ところがアレサ自身がピアノに座って弾くと、急にうまく進み始めたといいます。本人も、自分で自分の歌を伴奏する方法は、ほかのピアニストとは違うのだと説明しています。
この録音では、完成した譜面を全員に配って、その通りに演奏する方法を取っていませんでした。
プロデューサーのジェリー・ウェクスラーによれば、和音を出発点に、演奏家たちと曲の形を作っていったのです。そんな作り方なら、歌手自身の弾くピアノも、周りの演奏を決める手がかりになります。自分が歌いやすい伴奏を実際に弾き、ほかの演奏家もそれを聴きながら合わせていけるからです。

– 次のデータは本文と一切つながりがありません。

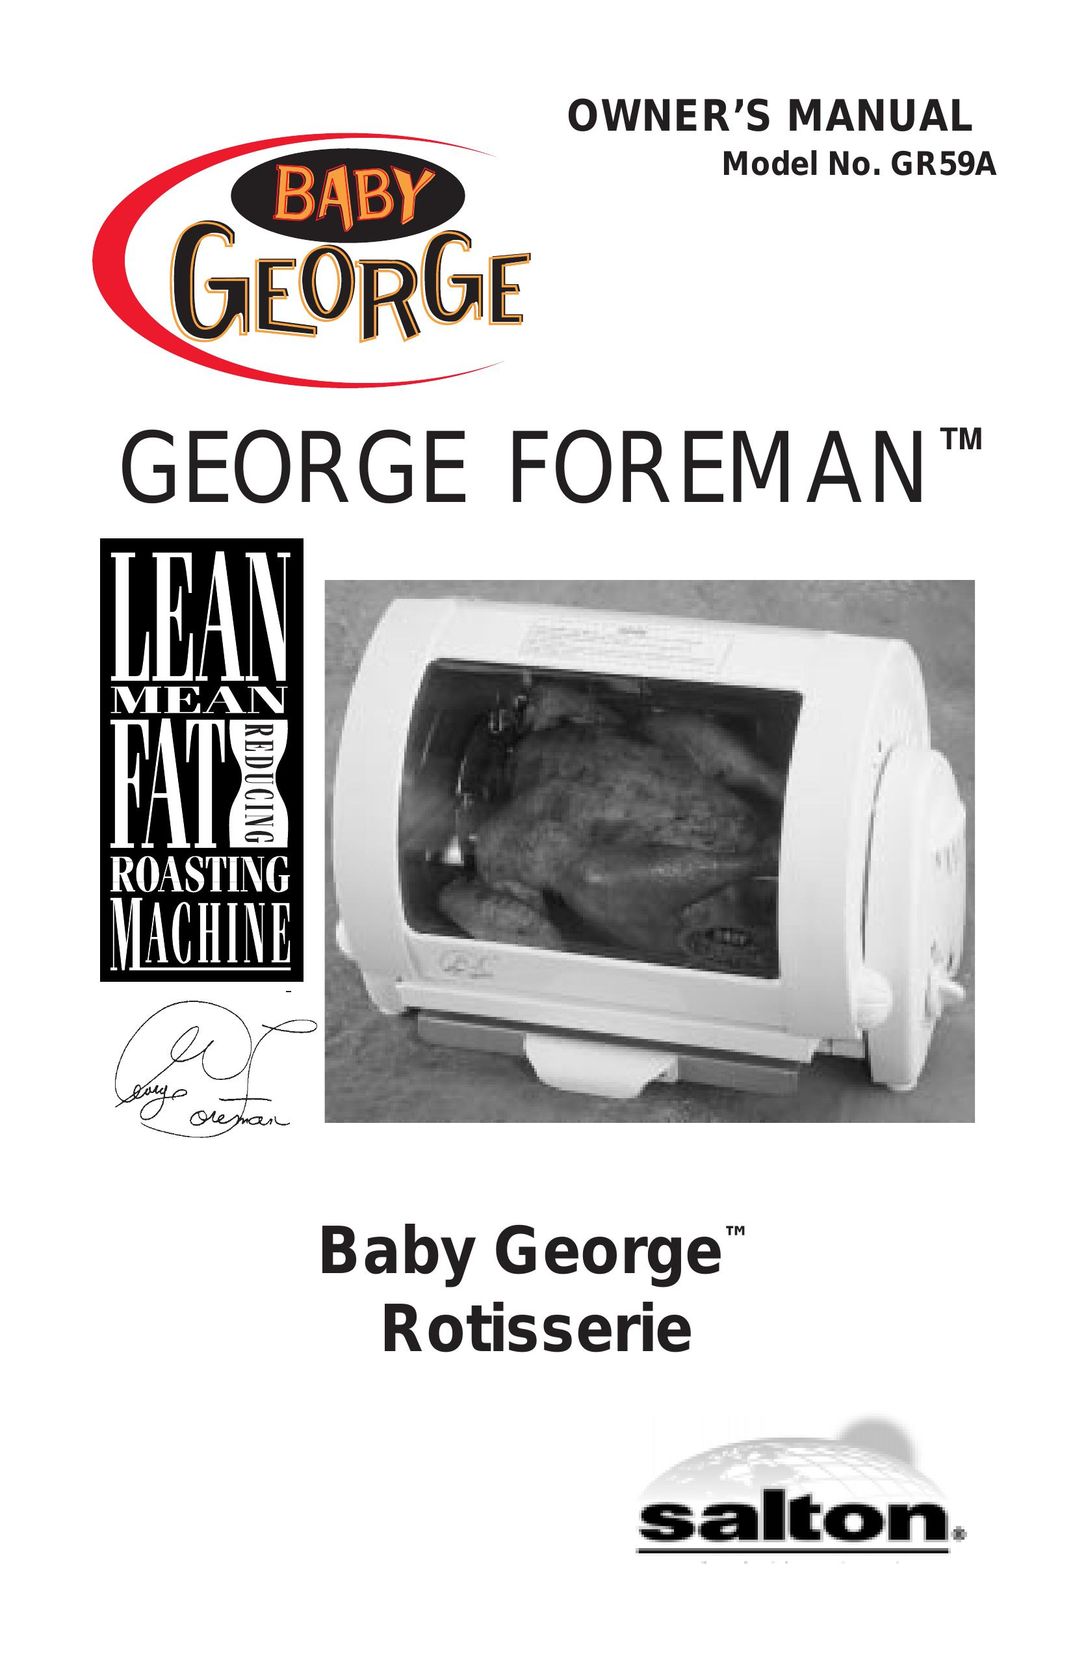 George Foreman GR59A Oven User Manual

それから長い年月がたった2015年、ケネディ・センター名誉賞でキャロル・キングをたたえて歌った「(You Make Me Feel Like) A Natural Woman」でも、アレサはピアノに座りました。
このときも、自分の求める感じを出すために、自分で弾きたかったと語っています。当時は公演でピアノを弾く曲も増やしていました。
あの強い声を持っていても、伴奏は誰が弾いても同じ、とは考えていなかった。
歌い始める前の一音から、自分がどう歌いたいかは始まっている。ピアノを弾くアレサを見ると、歌手としての表現と、演奏家としての判断がつながっていることが分かります。
あの声が生きるように、曲全体を作っていた
「Respect」をアレサの歌にしたのは、あの声を使って、自分の要求をはっきり伝えるための工夫でした。
誰の立場から歌うかを変え、言葉を区切り、コーラスの応答を加える。「I Say a Little Prayer」では、逆にコーラスへ主要な旋律を任せることで、自分の声が自由に動ける場所を作っています。
アレサの歌い方に注目するなら、声が高くなる瞬間だけでなく、そのとき周りで誰が歌い、何を弾いているかも聴いてみたいところです。
一人で何もかも歌い切る力と、ほかの声に任せる判断。その両方を持っていたからこそ、あの声は曲の中でひときわ鮮やかに響くのでしょう。